Built a personal page like your supposed to. Then built a business page. 

Can't access the business page from my personal page.

When I pull the business page up from my favorites in IE, can't edit the page even though I am logged in.

If I search the page from facebook, I still can't edit. It wants me to become a fan of my own page!

Can't belive it is worth all this crap. Do you guys really get any work from this? 

I don't even like a personal page. I like anonimity.
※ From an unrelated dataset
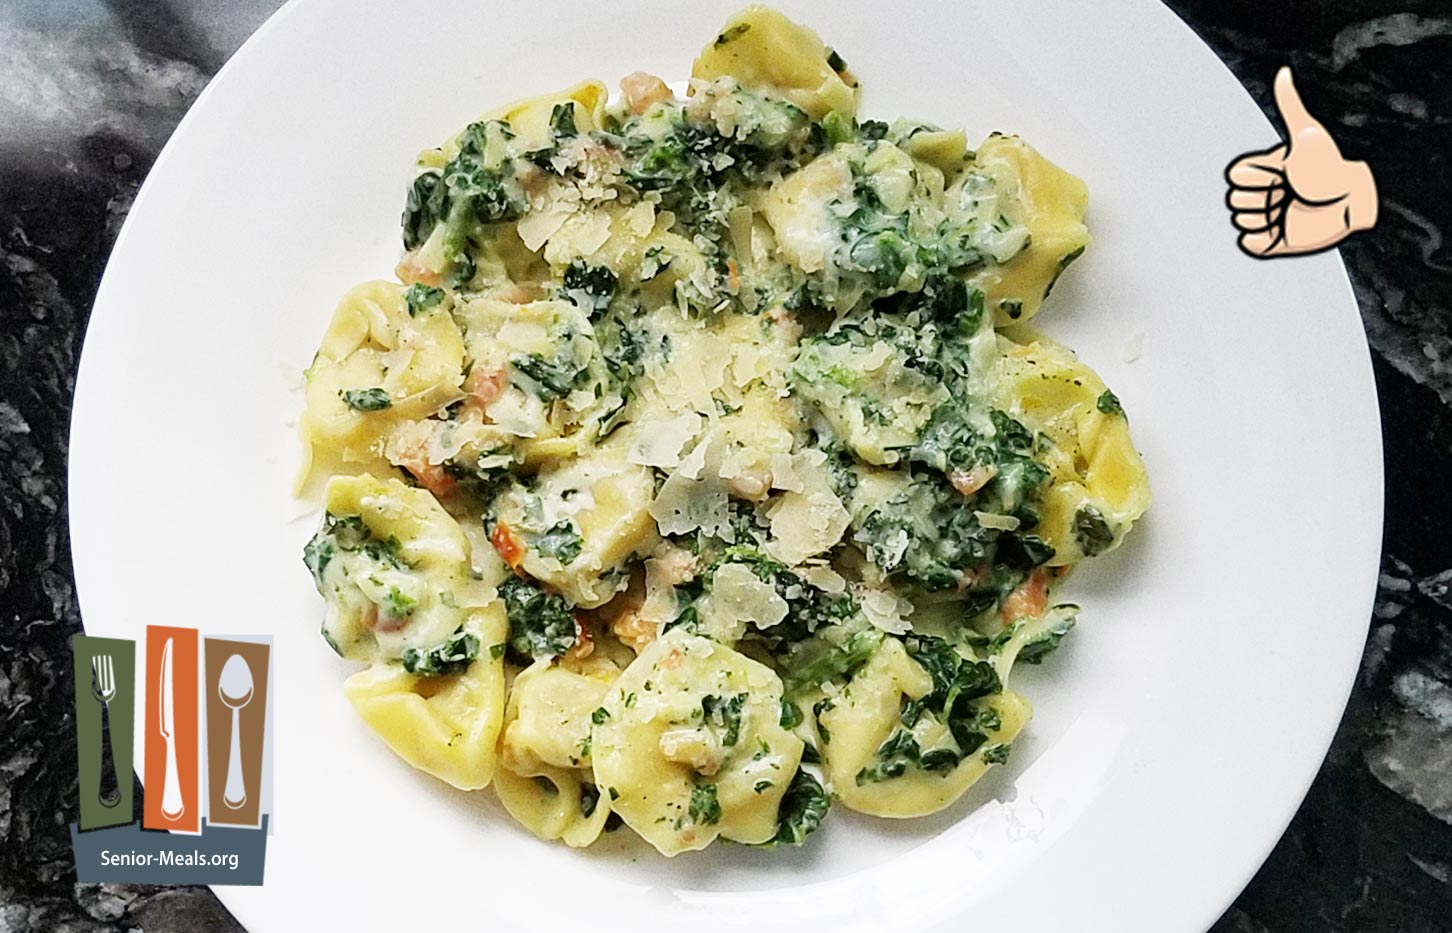 Spinach and Ricotta Tortelloni - $7

Is facebook and social media really sales tools or just over-hyped junk.


----------



## BESMAN (Jul 15, 2009)

did you list yourself (personal page) as the administrator of your business page? The site can be confusing but if you give it some time you can collect a good amount of local people on your page and pummel them with advertising.


----------



## y.painting (Jul 19, 2009)

They're not sales tools, they're conversation tools. Business pages are designed to strike up a convo with people, not sell. Sales are a byproduct of such conversations.


----------



## nEighter (Nov 14, 2008)

Do you guys use flickr at all? I am thinking about upgrading to their pro service today. They have slideshows and the ability to share with your facebook peeps. Either I am going to do this or start another photobucket account which you can share with facebook also. You can keep it open for public view and they can come by to check out a total slideshow of your work or whole sets of your pictures you have uploaded. You can link a picture from your site to either of these two picture host companies and so there is some linking for your business right there also, and building of webbings from your site to another site with good ranking.


----------



## BESMAN (Jul 15, 2009)

you can also download the program "photoscape" for free..you can easily use it to create slideshow gifs of your work pics that you can host somewhere and have directly on your site.


----------



## nEighter (Nov 14, 2008)

I hear ya.. but I am going a different route with the photo sharing 

http://www.painttalk.com/f4/photo-share-sites-your-site-7369/


----------



## In Demand (Mar 24, 2008)

Anybody wanna send me a chicken on Farmville ?


----------



## nEighter (Nov 14, 2008)

damn. You have farmville?! I have been fighting that damn game since I heard of it. Please don't make me sign up Modern!!


----------



## In Demand (Mar 24, 2008)

I play no facebook games, I have my faults, but running an imaginary farm and bombarding innocent people with request for free chickens, or even sending pretend cocktails, is not one of them.


----------



## nEighter (Nov 14, 2008)

You are a saint my friend. Think of all that imaginary methane carbon emissions you are saving the E-world! :thumbup:


----------



## LOSTinDETAILS (Jun 17, 2009)

I am in the same boat. Maybe I will find time for it in the new year, hmmm.


----------



## LOSTinDETAILS (Jun 17, 2009)

ModernStyle said:


> Anybody wanna send me a chicken on Farmville ?


Huh?


----------